(Supplied data begins)

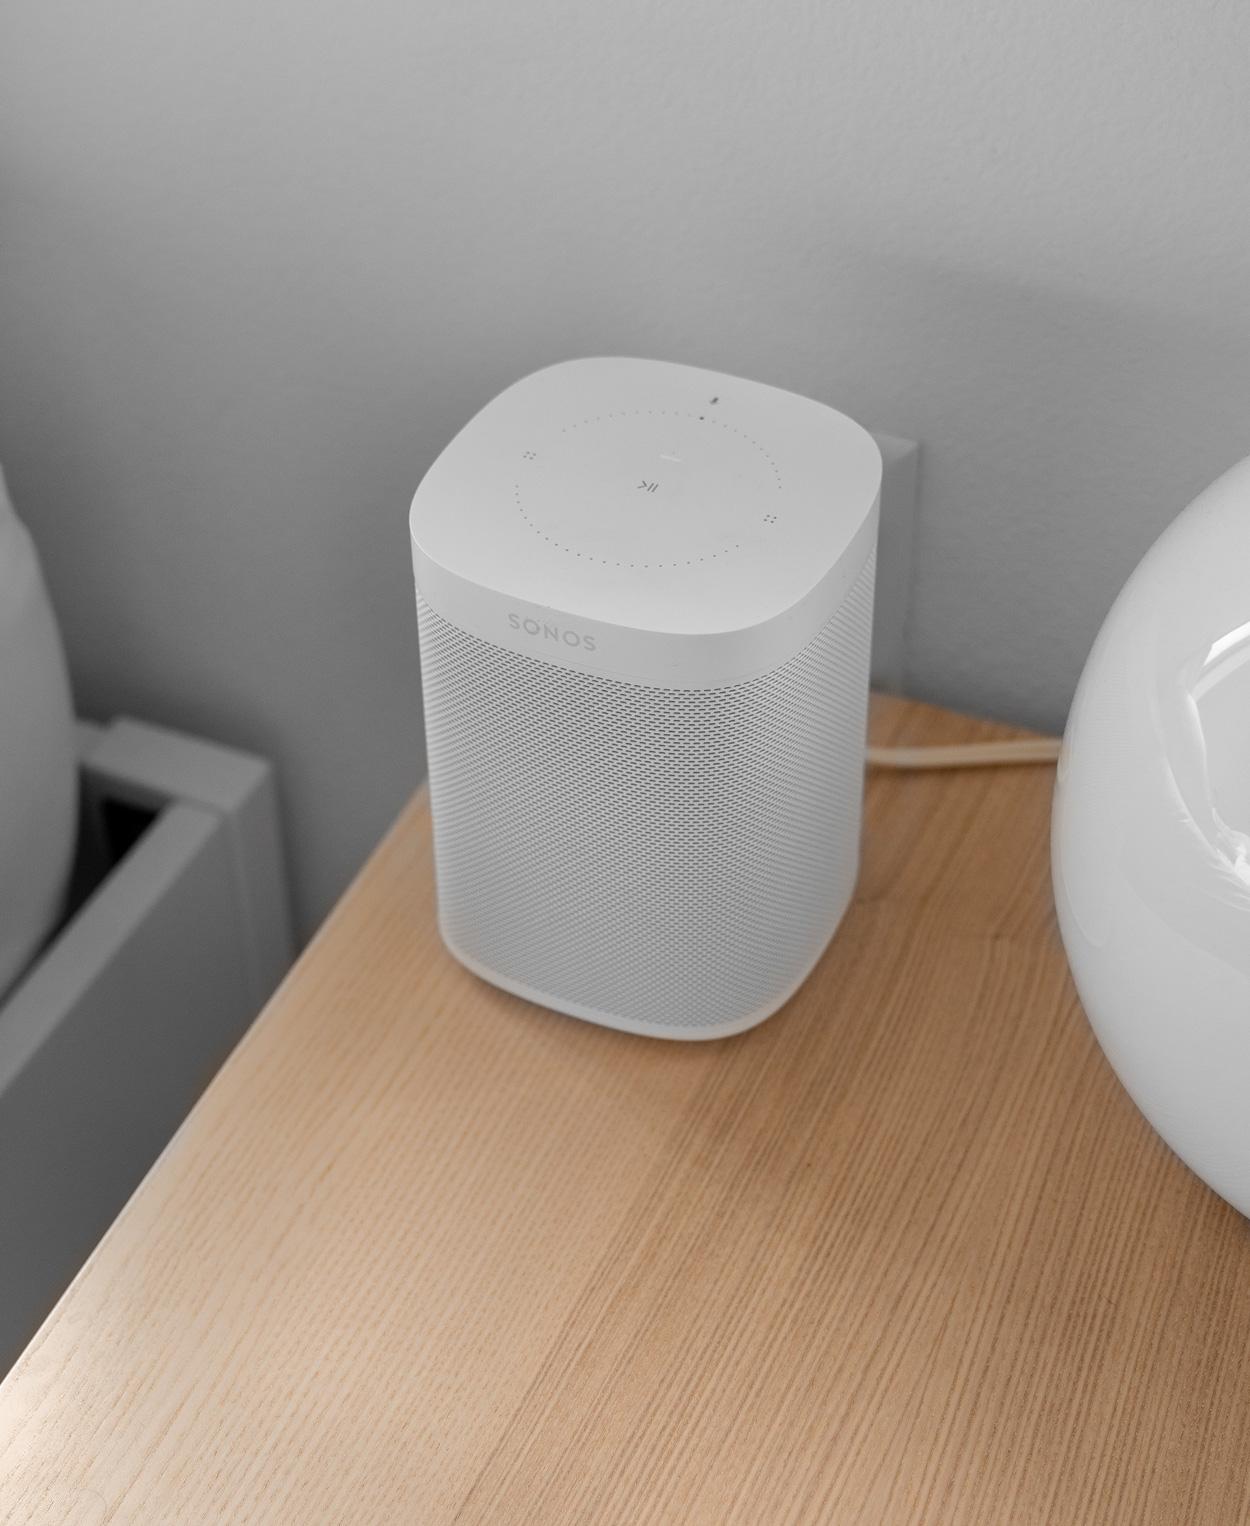 Via een smart home systeem, bedien je je lampen via je stem.
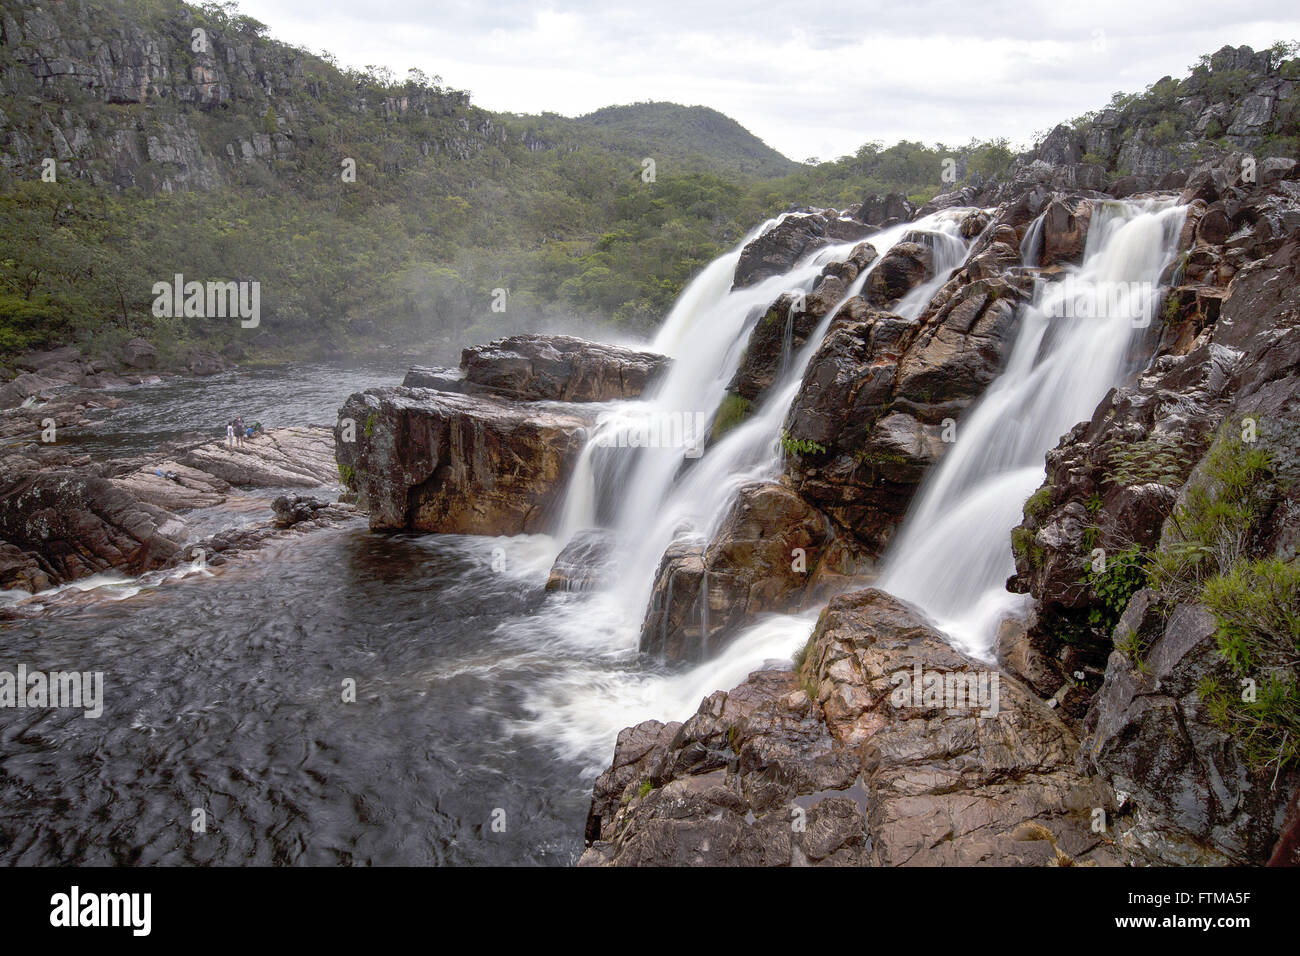 Waterfall of the Cariocas - Chapada dos Veadeiros National Park - Stock Image
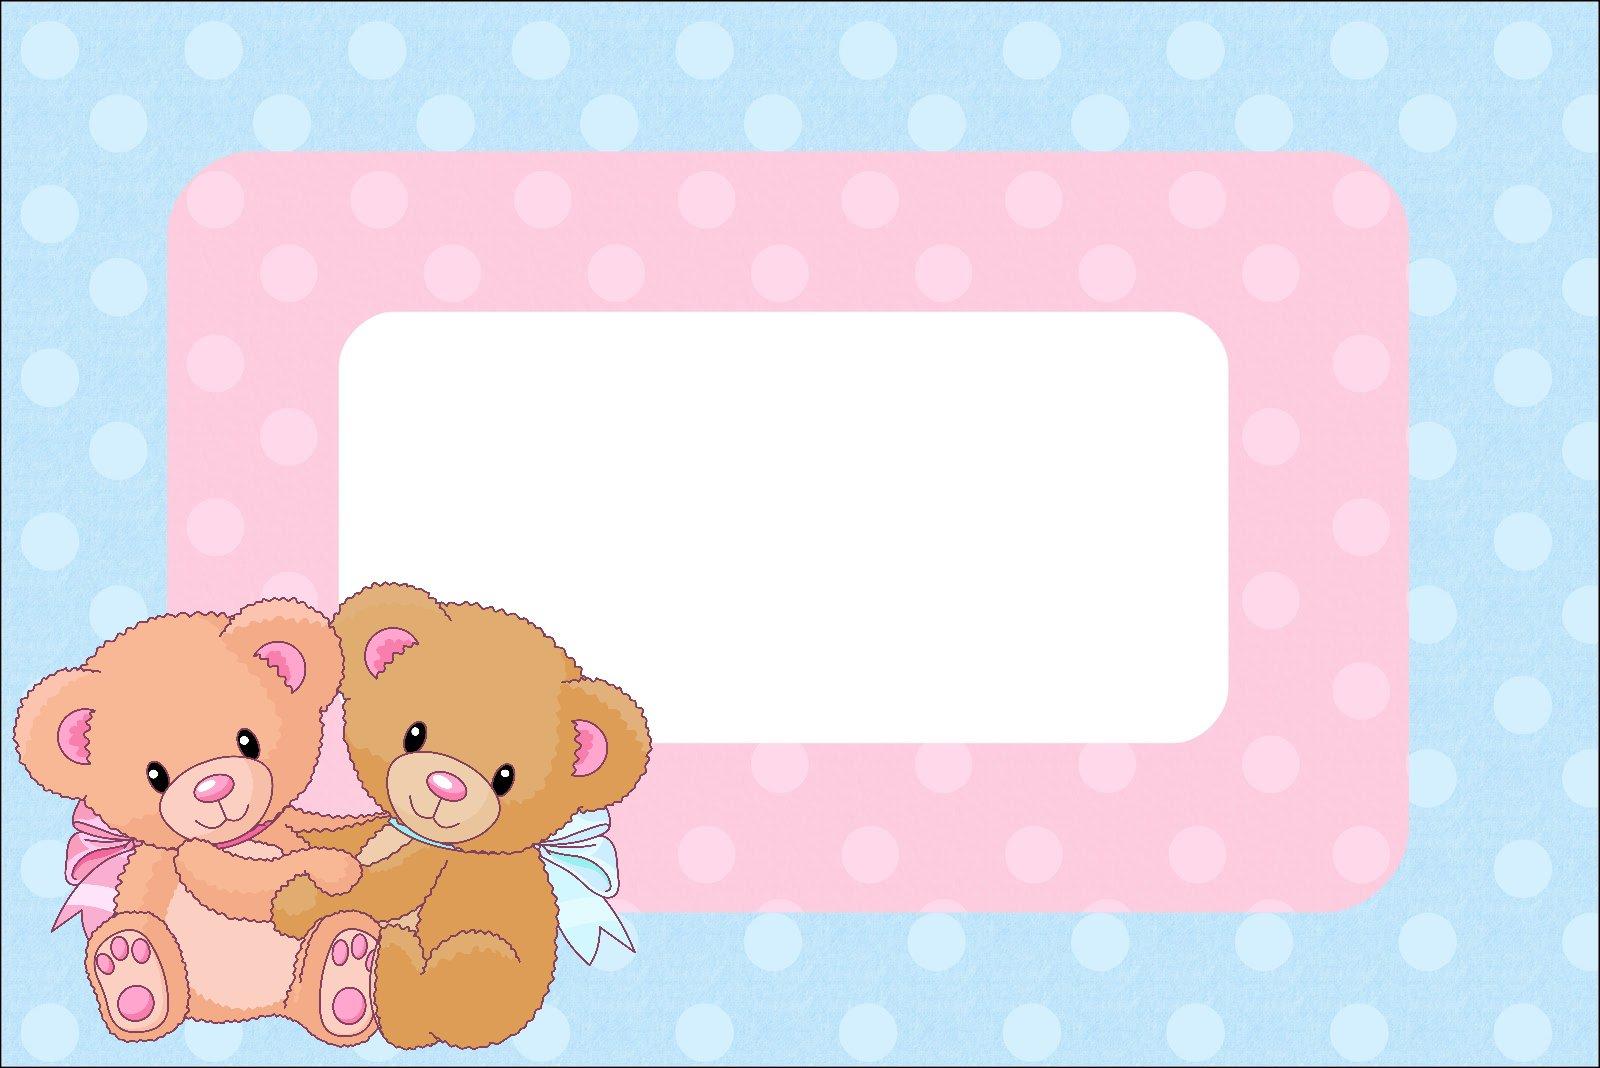 http://2.bp.blogspot.com/-E0kWGb8h6qs/UB_ZzStPj0I/AAAAAAAAODc/bwKe3wkVMf0/s1600/1+Convite5.jpg

(Supplied data ends)

Task instructions: Your answer must reproduce exactly the lines from the line with "Waterfall of the" through the end of the material, both ends included, with every picture dropped.

Task answer:
 Waterfall of the Cariocas - Chapada dos Veadeiros National Park - Stock Image
 http://2.bp.blogspot.com/-E0kWGb8h6qs/UB_ZzStPj0I/AAAAAAAAODc/bwKe3wkVMf0/s1600/1+Convite5.jpg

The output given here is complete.